Materials and methods
Data from nine French referral centers on patients treated with sRP between 2005 and 2017 were collected. Pre- and post-operative data, including oncological and functional outcomes after first treatment and sRP, were analyzed to determine the predictors for biochemical recurrence (BCR) and cancer-specific survival (CSS) after sRP.
Results
First-line treatments were external beam-radiation therapy (EBRT) for 30 (55%), brachytherapy (BT) for 10 (18%), and high-intensity focused ultrasound (HIFU) for 15 (27%).
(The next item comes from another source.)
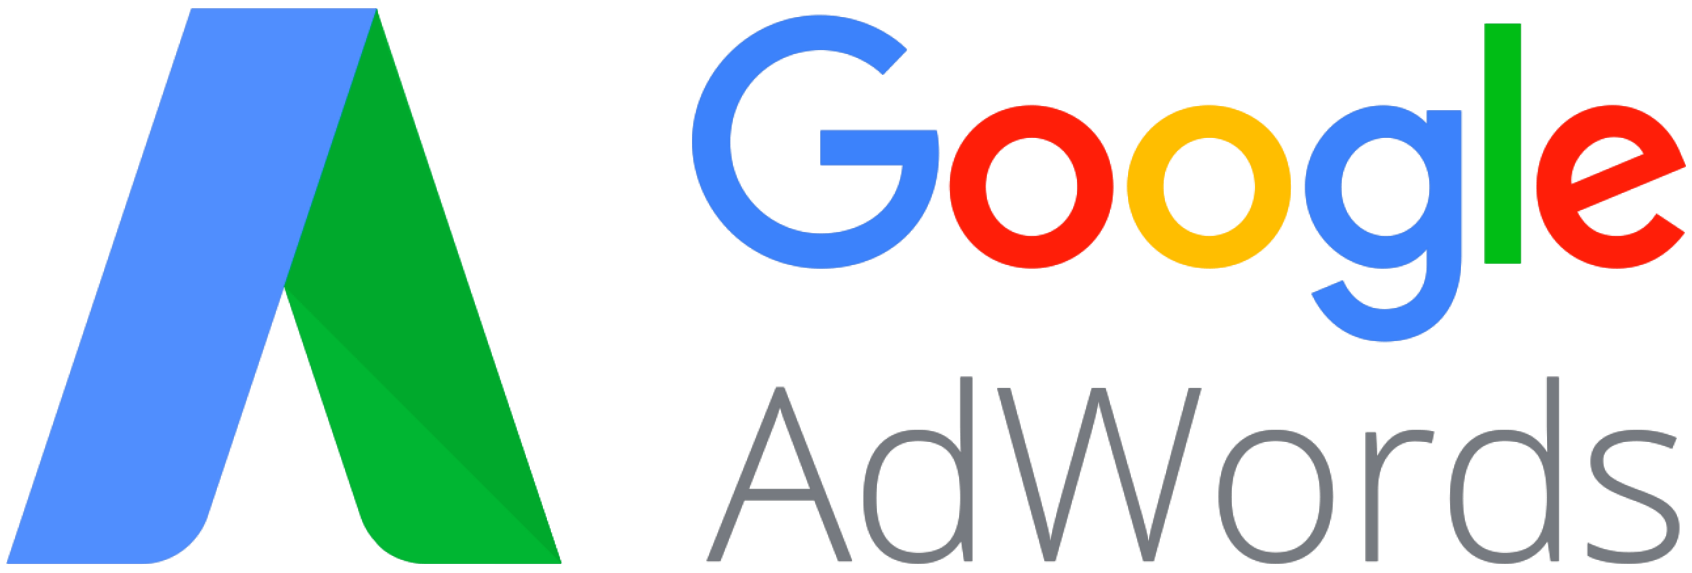 Google AdWords Logo - google-adwords-logo-png-large - Fusing Marketing NYC Digital ...

Median (IQR) PSA at diagnosis was 6.4 (4.9–9.5) ng/mL, median PSA at nadir was 1.9 (0.7–3.0) ng/mL, and median (IQR) to first BCR was 13 (6–20) months. Of the 55 patients, 44 (80%) received robot-assisted salvage radical prostatectomy and 11 (20%) received salvage retropubic radical prostatectomy. Restoration of continence was achieved in 90% of preoperatively continent patients; 24% that had received nerve-sparing (NS) procedures were potent after surgery. Prolonged catheterization due to anastomotic leakage was the most common complication. Age, preoperative clinical stage, NS procedure, and a pathological Gleason score were predictors for BCR.
Conclusions
sRP was safe, feasible, and effective using either an open or robot-assisted approach, in experienced hands. Age, preoperative clinical stage, NS procedure, and pathological GS were linked with BCR after sRP.